------ GIVEN MATERIAL ------

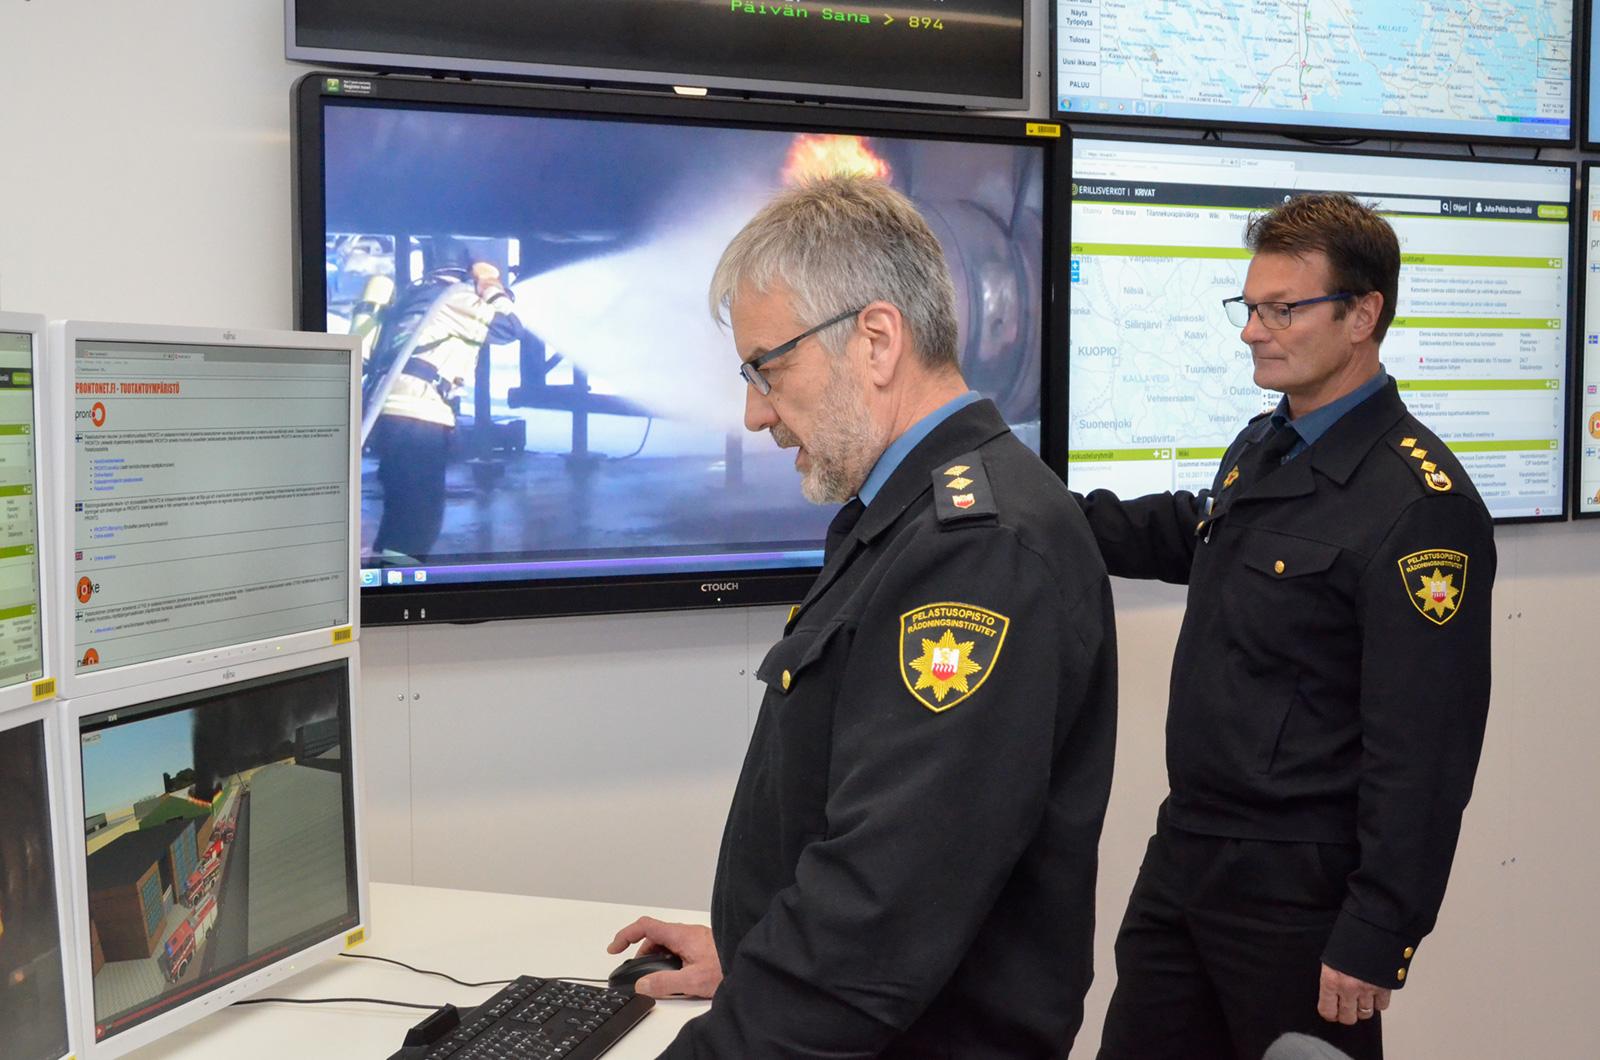 Vanhempi opettaja Tapio Neuvonen (vas.) ja yliopettaja Matti Honkanen iloitsevat Pelastusopiston uudesta tilannekeskuksesta.
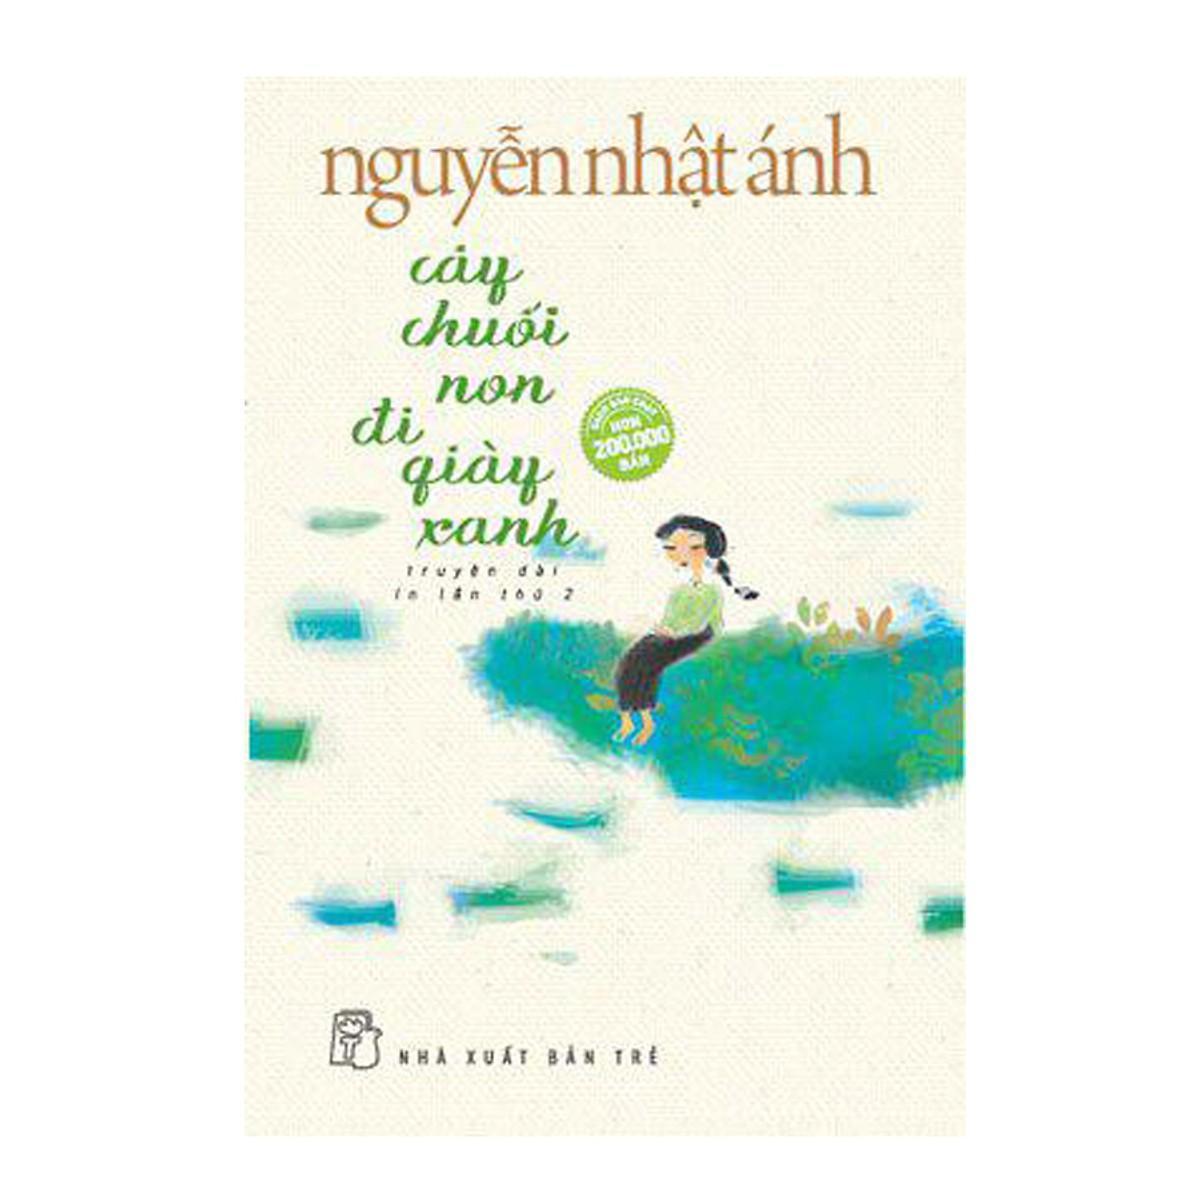 Cây Chuối Non Đi Giày Xanh (Sách Tiêu Biểu Của Nguyễn Nhật Ánh - Tặng Kèm Postcard Happy Life)
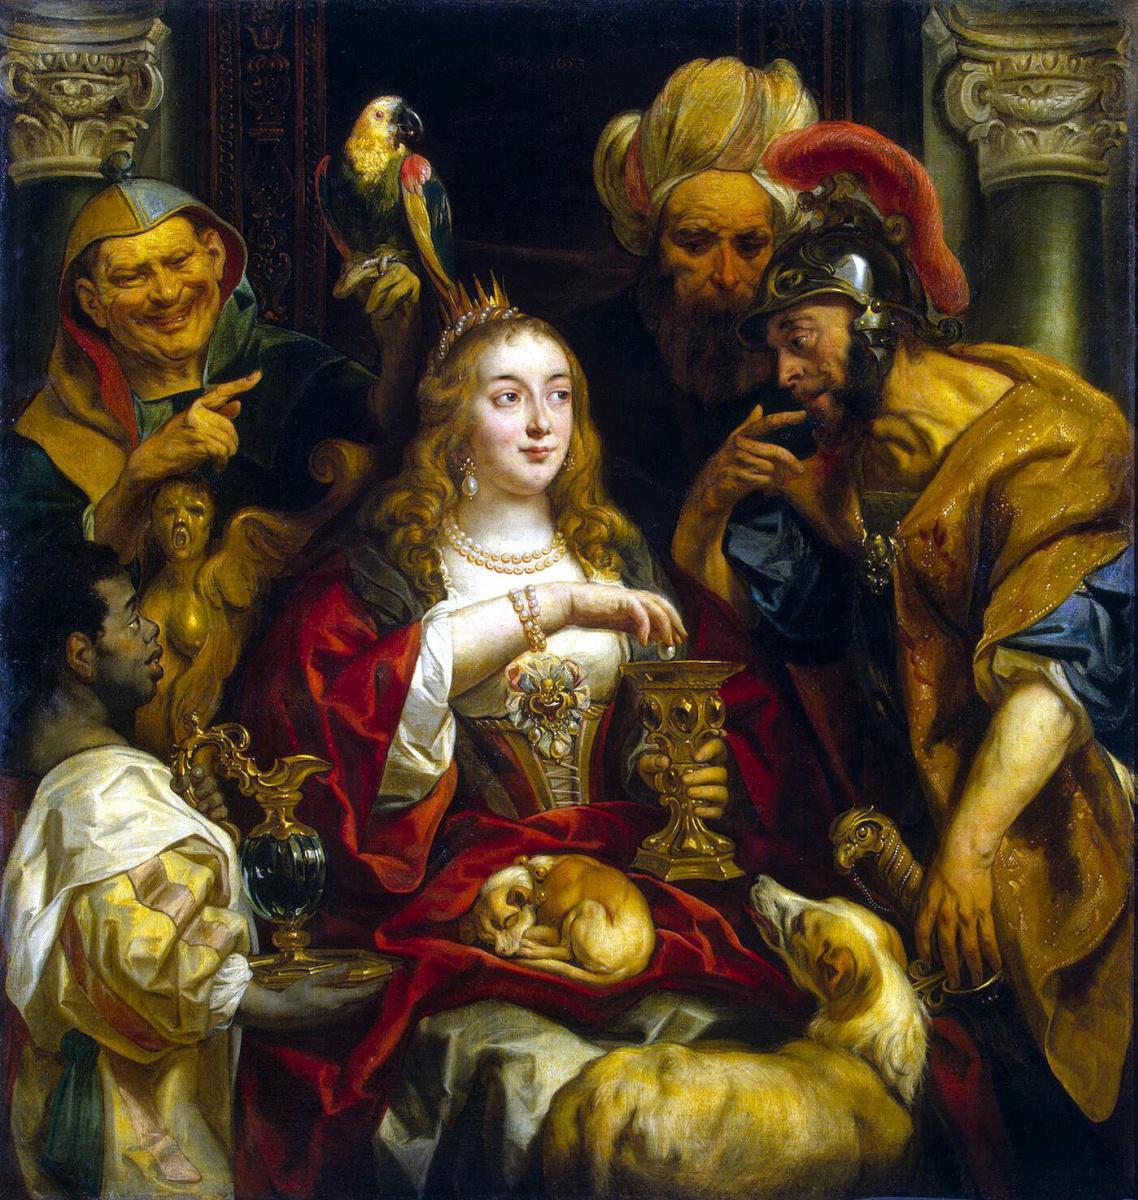 Jacob Jordaens. Cleopatra's Feast

------

WHAT YOU SHOULD DO:
Give every line above again exactly, omitting whatever pictures appear.

TASK SOLUTION:
 Vanhempi opettaja Tapio Neuvonen (vas.) ja yliopettaja Matti Honkanen iloitsevat Pelastusopiston uudesta tilannekeskuksesta.
 Cây Chuối Non Đi Giày Xanh (Sách Tiêu Biểu Của Nguyễn Nhật Ánh - Tặng Kèm Postcard Happy Life)
 Jacob Jordaens. Cleopatra's Feast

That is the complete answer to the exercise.